Coconut-Blood Orange Blanc Manger

Blanc manger, also spelled blancmange, is a French milk jelly, quite similar to a panna cotta, but set using gelled cornstarch instead of bloomed gelatin. The result of it is a slightly firmer consistency, and a creaminess that lingers longer(try saying that phrase three times fast) than a panna cotta would have. It is quite a popular dessert in both France and Japan, and I wanted to try my hand at making a dainty, fun little dessert that featured it! To deviate from tradition almost immediately, I made my blanc manger with primarily coconut milk and a little bit of additional soy milk just to thin it out. I also wanted to do a two-toned jelly situation, so I went with a blood orange gelee, which rests on top of the blanc manger to give it a vibrant and distinct color contrast. It sort of looked like a Pokeball, with the red on white coloration, but I was really just going for colors that would stand out against one another, and I love the vibrant red of blood orange, as well as the acidity is has against a creamy, neutral coconut. I was also fortunate enough to be gifted a vanilla bean, which are very expensive, so I wanted to try my hand at infusing it into the blanc manger, just to give it a gorgeous vanilla aroma, as well as aesthetically pleasing vanilla “freckles”, just to let the people eating this know that actual vanilla was used in the making of this dessert.
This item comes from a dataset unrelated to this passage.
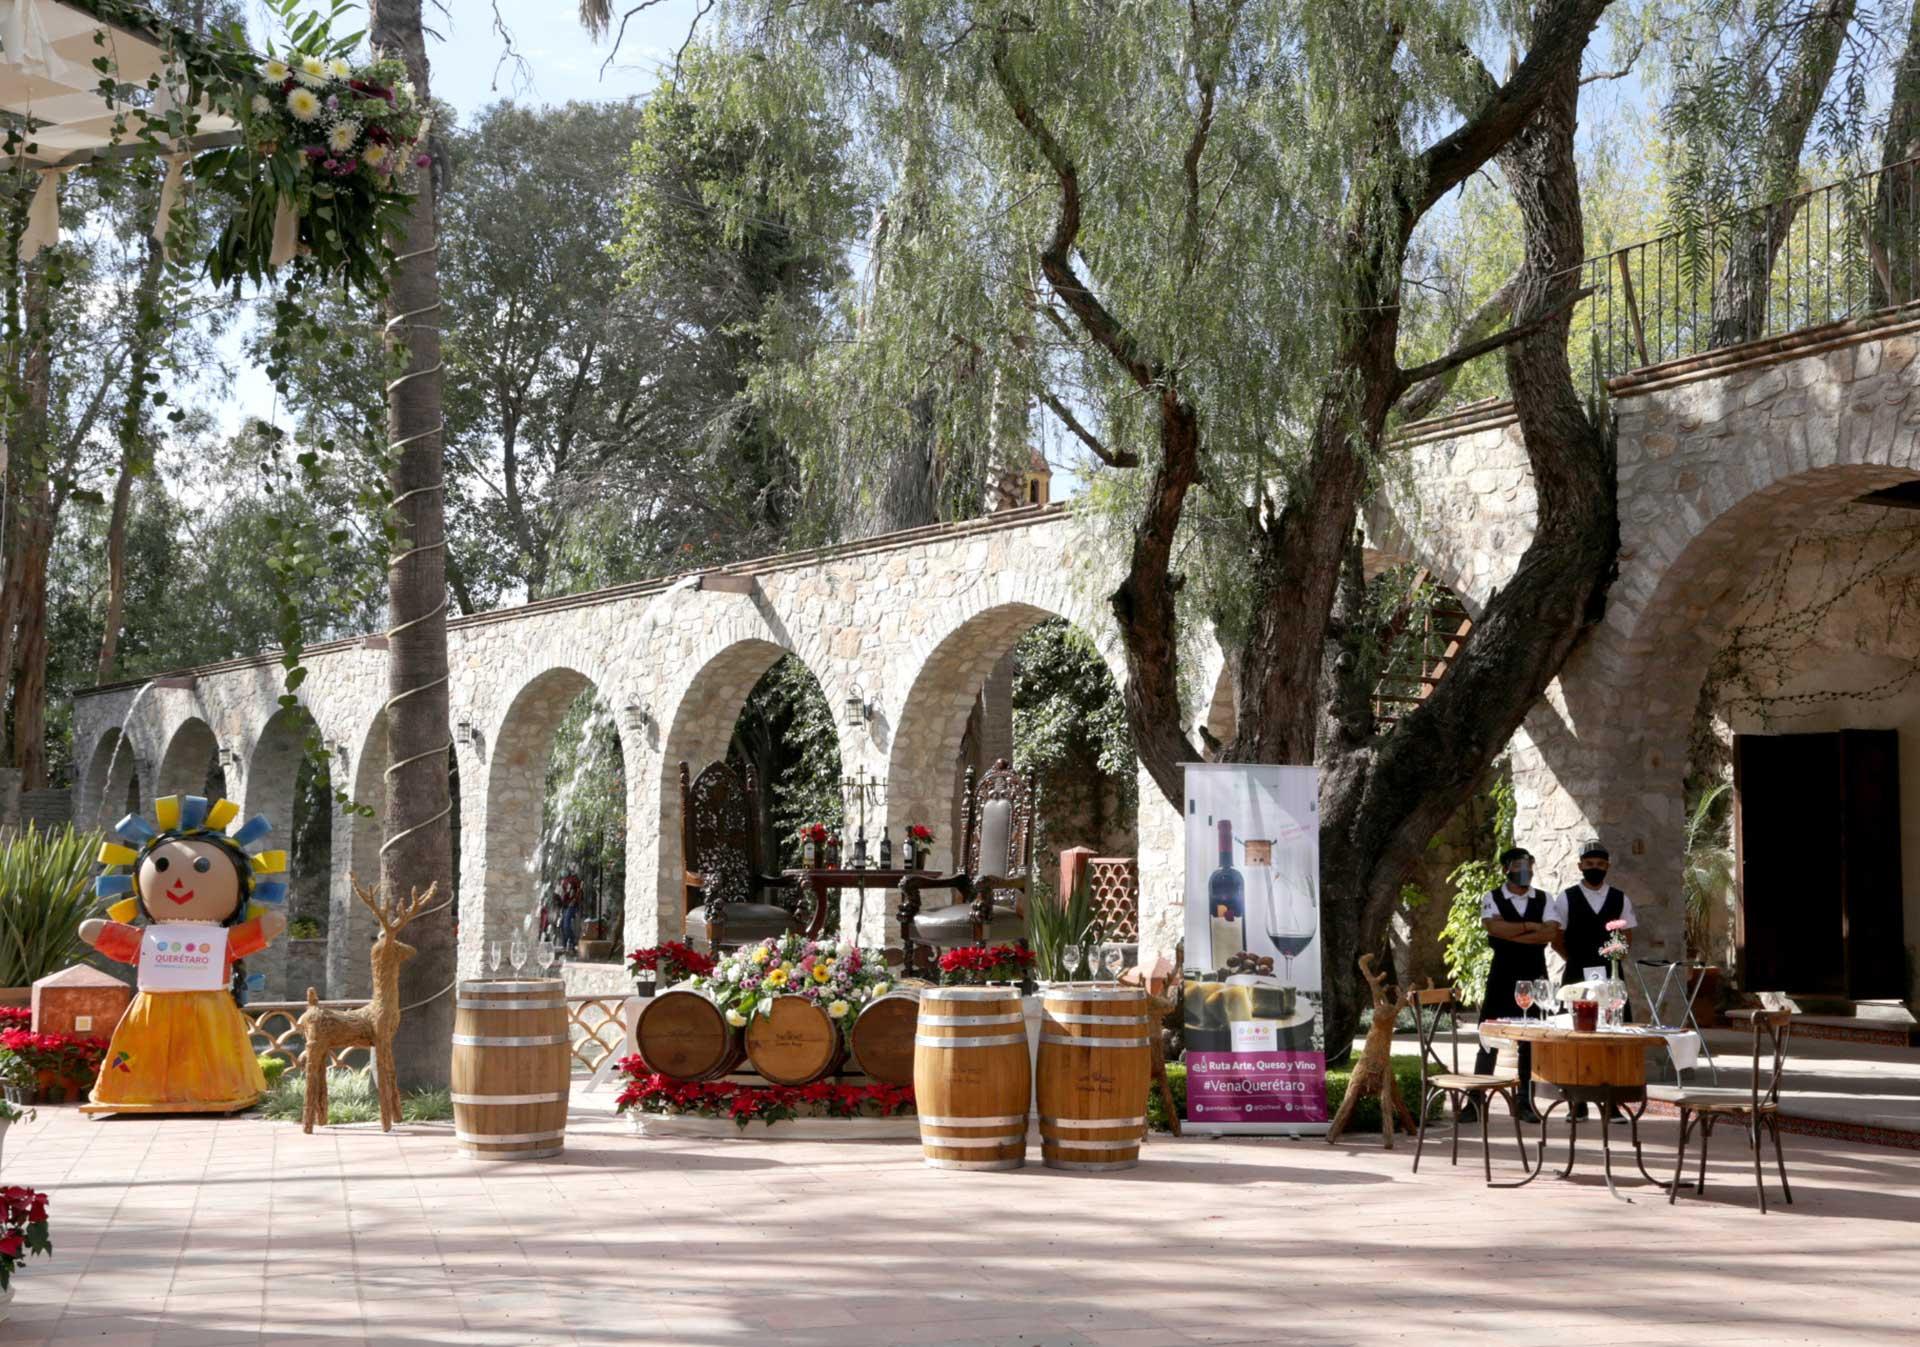 Hacienda Atongo

With the other components, I went with a blood orange curd, to add more red on the plate, and to give another bit of acid and contrast to the creaminess of the coconut. And for the top garnish, I went with these coconut tuiles as well, made by whisking hot water with coconut flour and cornstarch, then cooked in a hot pan with coconut oil, resulting in this thin, coconut wafer to add both height and a little bit of texture to the dessert. What I love about these wafers are that they were super feathery and light, and the process of making them is the same as a coral tuile, which are fun garnishes to make when you want that height and texture, but you don’t want to waste time turning on your oven. The tuiles being cooked 100% in the pan results in them having this golden-brown texture and a lovely caramelization to them – also being made by coconut flour gives them a toasted coconut flavor, which is always welcome in a coconut dessert in all ways, shapes, and capacities! Overall, this was a fun and surprisingly simple dessert to make, using one of my favorite flavor combinations, being coconut and citrus! Additionally, it came out as a vegan AND gluten-free dessert, which was always a fun and pleasant surprise!

For the blood orange gelee:
Juice and zest from 2 blood oranges + enough orange juice to measure up to 1/4 cup
a pinch of salt
3/4 tsp agar agar

In a pot, bring everything to a simmer. Distribute the gelee mixture between 9 silicone 2-inch half sphere molds. Freeze the gelee for at least 15 minutes before attempting to layer on the blanc manger mixture as well.

For the coconut blanc manger:
Seeds from 1 vanilla pod
1/2 cup coconut milk
3 tbsp soy milk
2 tbsp cornstarch + 2 tbsp water
3 tbsp granulated sugar
a pinch of salt

In a pot, heat up the coconut milk, non-milk/heavy cream, scraped vanilla beans, and the scraped vanilla pod until everything comes up to a simmer. Remove the scraped vanilla pod, pressing it against a strainer to release as much flavor as possible back into the pot. Then add to the pot the wetted cornstarch, sugar, and salt while whisking on medium-heat. The begin will begin to cling to the sides of your whisk. At this point, allow it to cool down slightly before whisking it again, just to release any excess heat, while also incorporating some air into the mixture – this will help the blanc manger firm up faster in the freezer. Pour the now-room temperature blanc manger mixture over the gelees and freeze for at least 45 minutes.

For the caramelized coconut wafer:
1 tsp coconut oil
1 tsp cornstarch
1 tsp coconut flour
1 cup warm water
a pinch of salt

In a medium nonstick pan, heat up the coconut oil until it is fully melted. In a bowl, whisk everything else together. Bring the heat in the pan up to high and pour in the batter, whisking vigorously until bubbles begin to form in the batter. At this point, allow the liquid to slowly cook out of the batter before transferring it to a lined sheet tray. Cut out smaller disks from the wafer and store them in an airtight container.

For the blood orange curd:
Juice and zest from 3 blood oranges + additional orange juice to measure up to 1/2 cup
1 tbsp granulated sugar
a pinch of salt
1 tbsp cornstarch + 2 tbsp cold water
1 tsp coconut oil
2 tbsp orange juice

In a pot, heat up the orange juice, sugar, salt, and cornstarch, whisking everything on medium heat for 5 minutes, until it begins to cling to the sides of your whisk. Take the mixture off heat and whisk in the coconut oil and remaining orange juice. Pass through a sieve and transfer to a squeeze bottle.

To plate:
In a small bowl, start with three of the blanc manger. Add in the blood orange curd, then finish with the coconut wafers on top.